And a few years ago, I wrote an imperfect story about a boy who wears masks all the time, until he loses his physical face in a fire and is forced to wear one all the time (sort of V for Vendetta stuff, now that I reflect on it, though I'm not sure I saw the movie before I wrote the story.) This story was meant to show the universality of the need to wear masks. It did not.

However, earlier today in college we received a version of Charles Finn's Please Hear What I Am Not Saying. The piece got to me, so I went to find a link to it... only to find the original version on a website set up by Finn's wife. This poem does full justice to my mask theory, and I wonder if maybe I read one of the many versions of it in circulation, many years ago.
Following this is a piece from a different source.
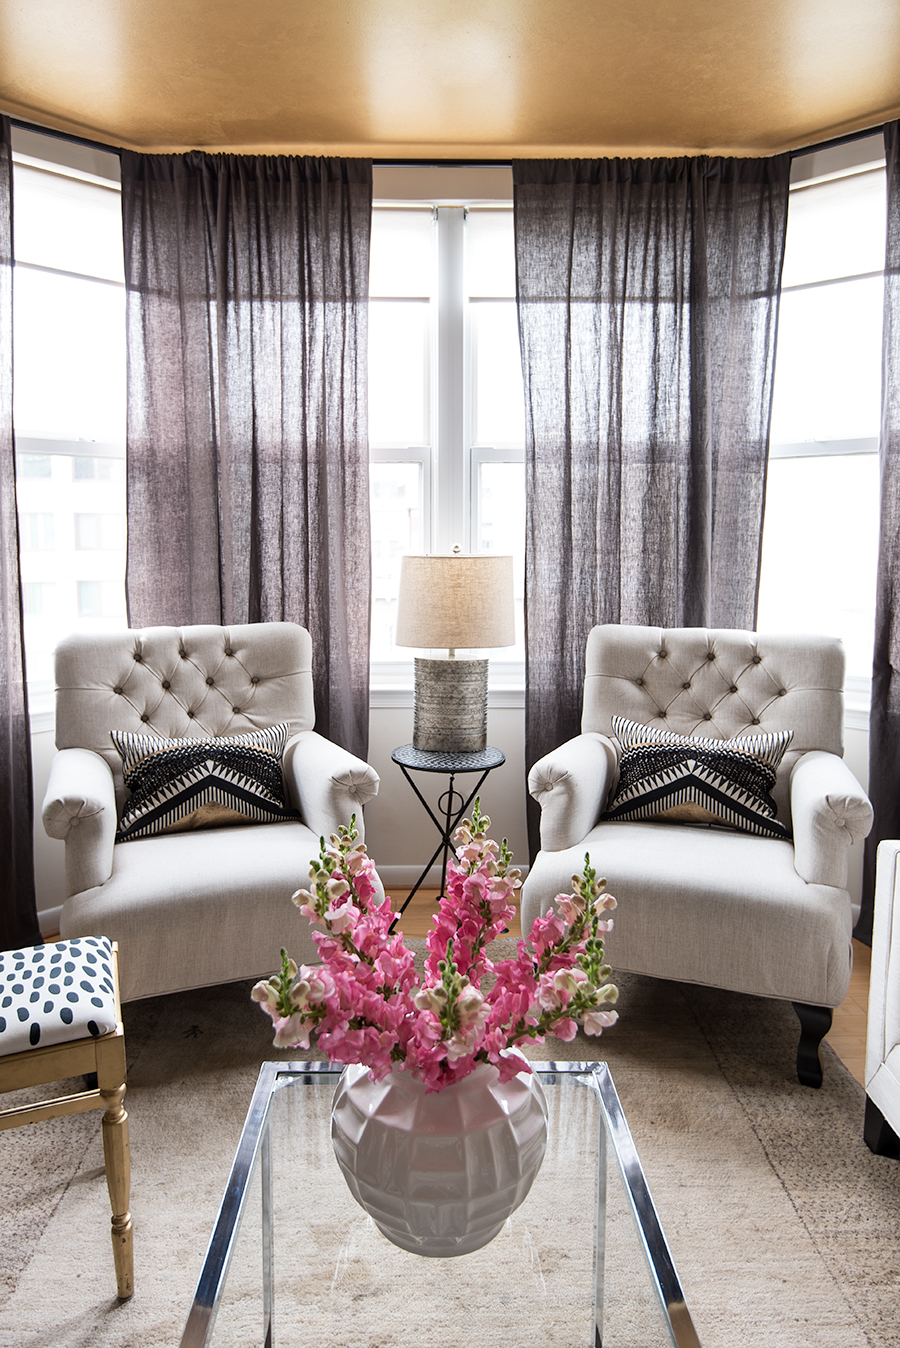 bay-windows-seating-area-dc-apartment-washington-dc-splendor-styling-mariella-cruzado.jpg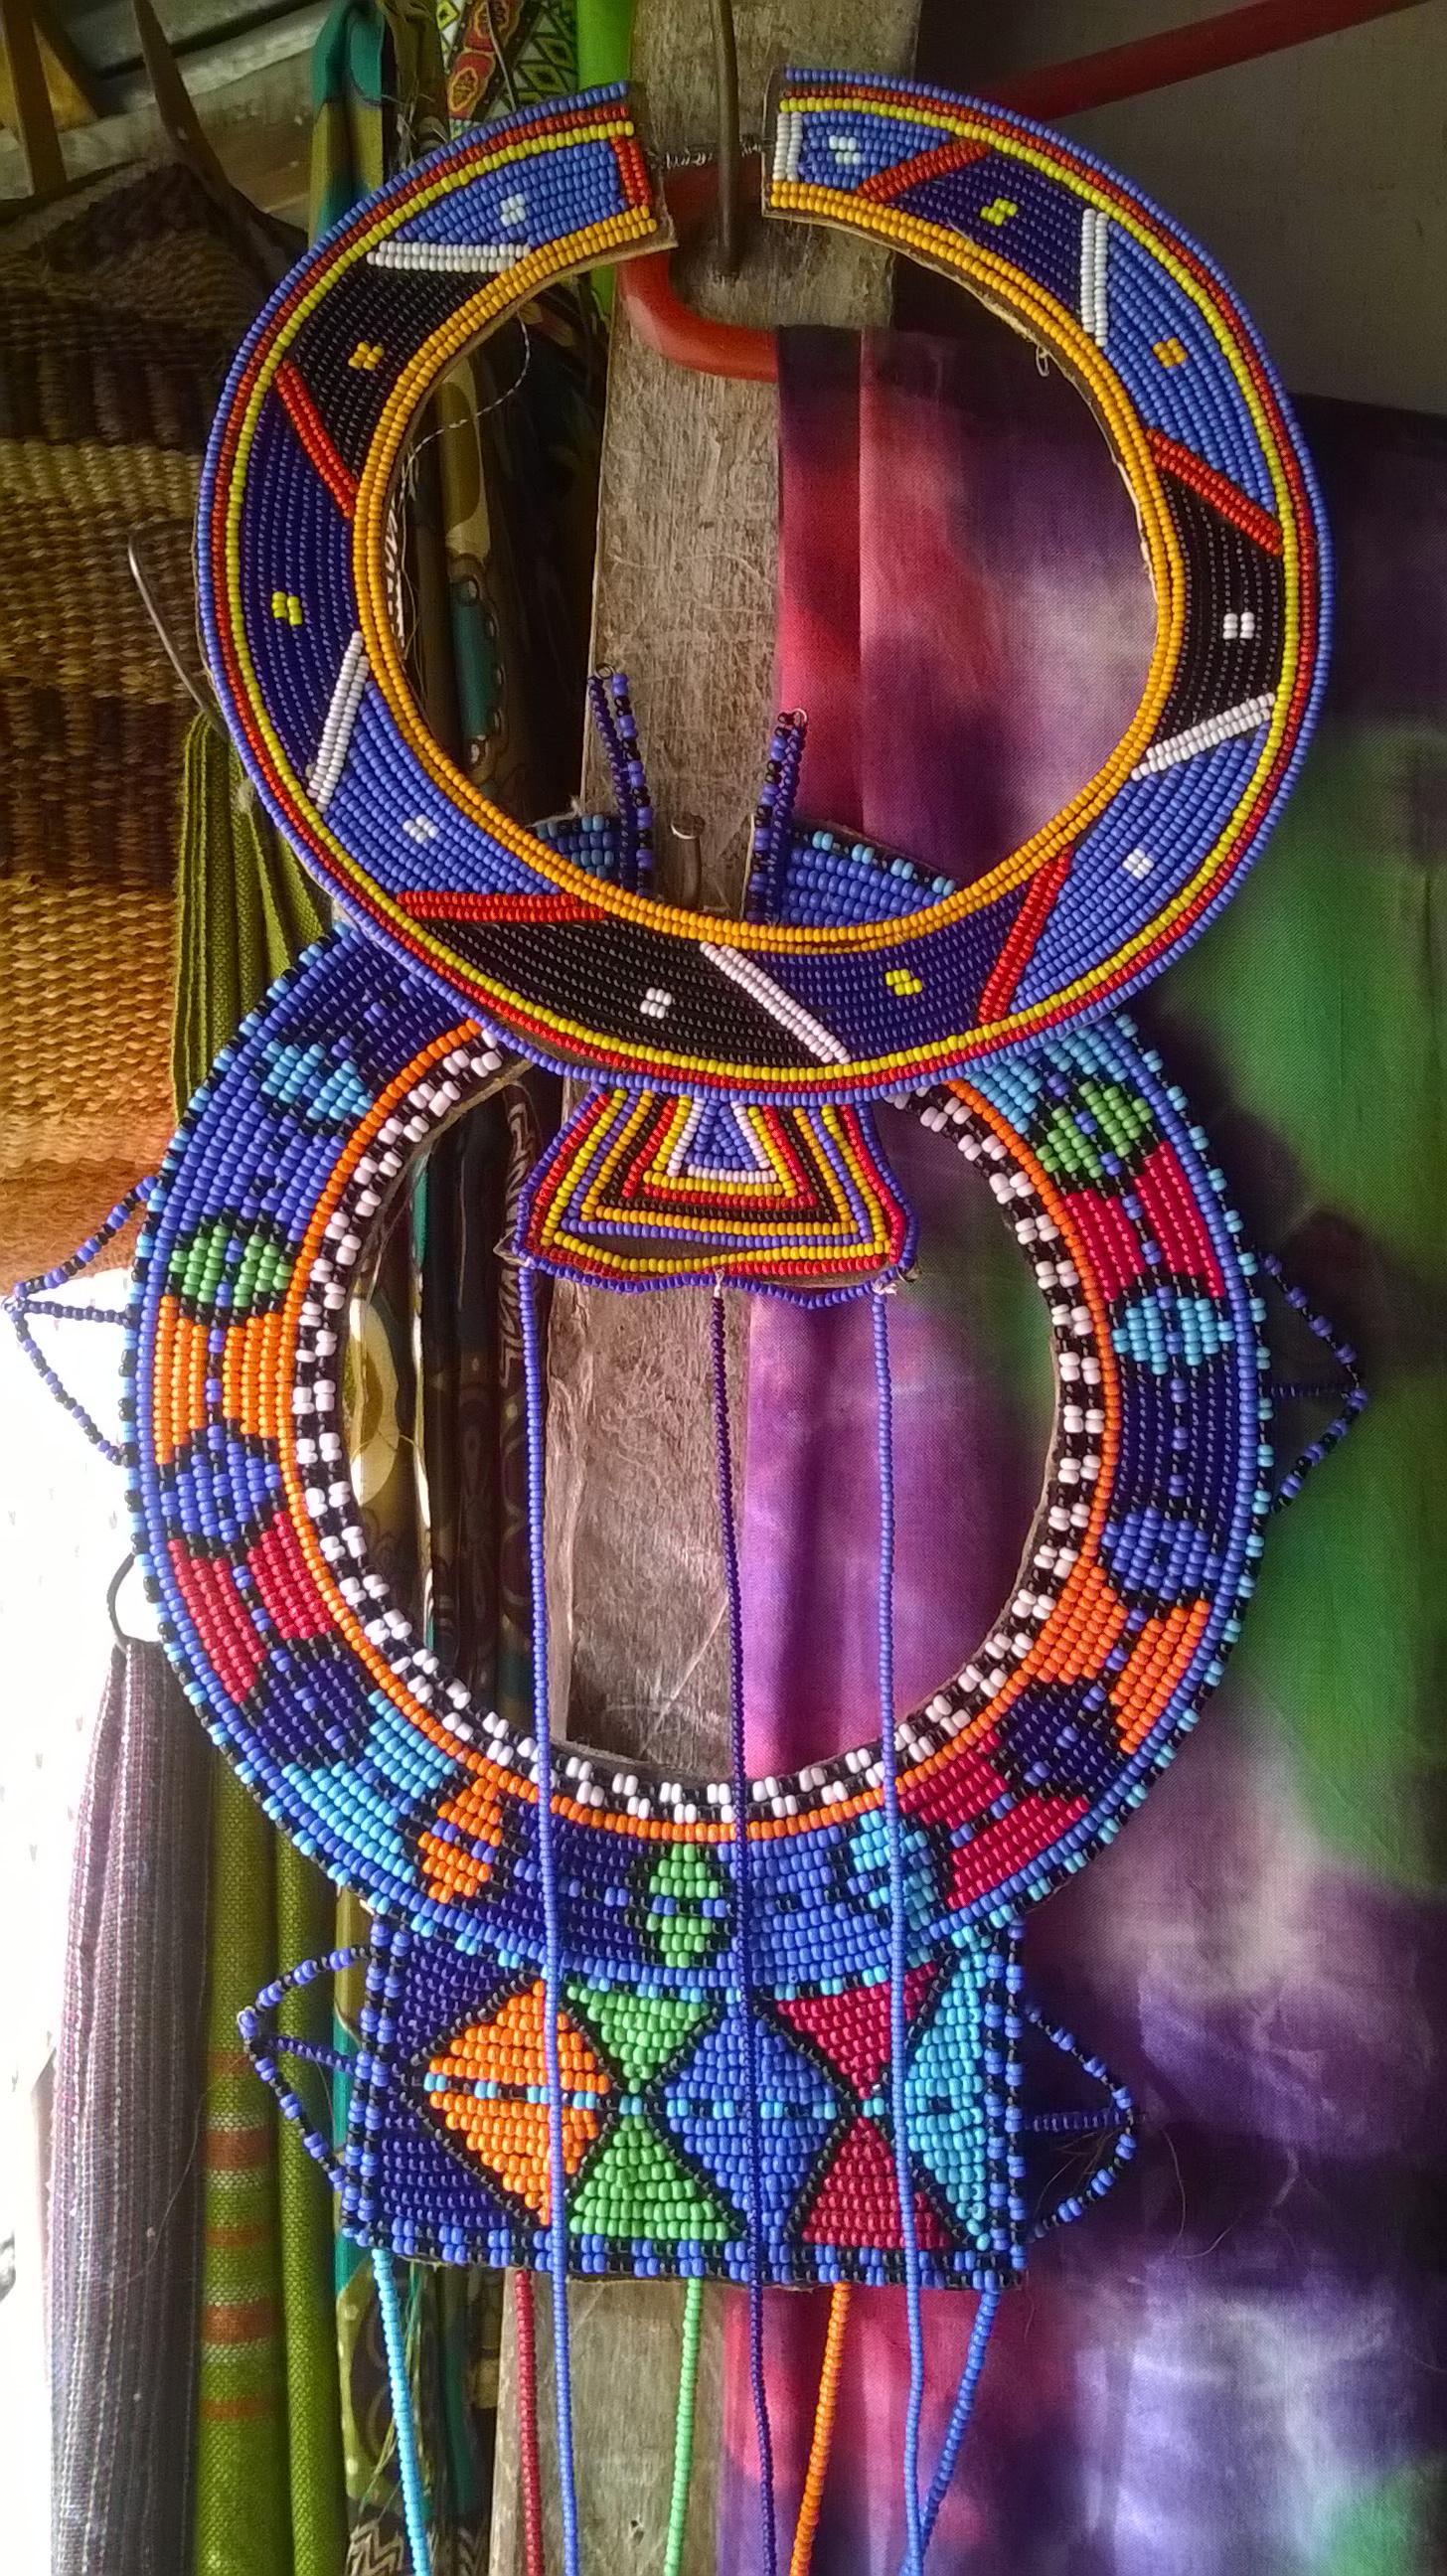 File:Traditional Maasai Jewelry. Triangle Curio Market

I encourage you to read the poem (by clicking here). It's such a lovely piece and it does what I never could - it presents the theory, the truth, about masks, but it does so very simply. Here's my public thank you to Mr Finn for writing this wonderful poem. Kudos to you, sir!

Sunday, November 7, 2010

DO NOT DISTURB

... EXCEPT FOR TEA!

I have an outrageous amount of work to do today... and Mother of Mine wants to go to town to have me look for a jacket for Christmas (because I'd be too lazy to look for one myself... And she's already seen one...). So, basically, I'm setting up a DO NOT DISTURB thing... anyone who has a problem, needs to take a number and get in line.

The way things are looking, DND will last until Tuesday's tutorial. I'll be running away from people all day Monday and Tuesday to get work done and submitted on time (all for the wonderful thing we call Prayer and Prophecy in Israel - God College is fun!). And, actually, I'll probably still be running away from people between now and... well, pretty much all semester, unless I get ahead of my workload.

I do hope no one gets offended when I appear to ignore them in college. With all the work I have to do (and being several thousand words behind in NaNoWriMo) I really don't have any chances to talk to people for very long outside of lectures. This does propose a problem, of course, because of a particularly difficult situation in with someone and the belief that I'll actually have time to talk. Not for at least three weeks, I'm afraid. Actually, I'd hope at most three weeks, but with me you can never be sure what sort of trouble I'm going to get in to with my workload. The more I have to do... the less motivated I am. Well, not entirely true. The more work I have from several directions seems a fairer assessment. So with college work and novel work and people work... Paulie is busy.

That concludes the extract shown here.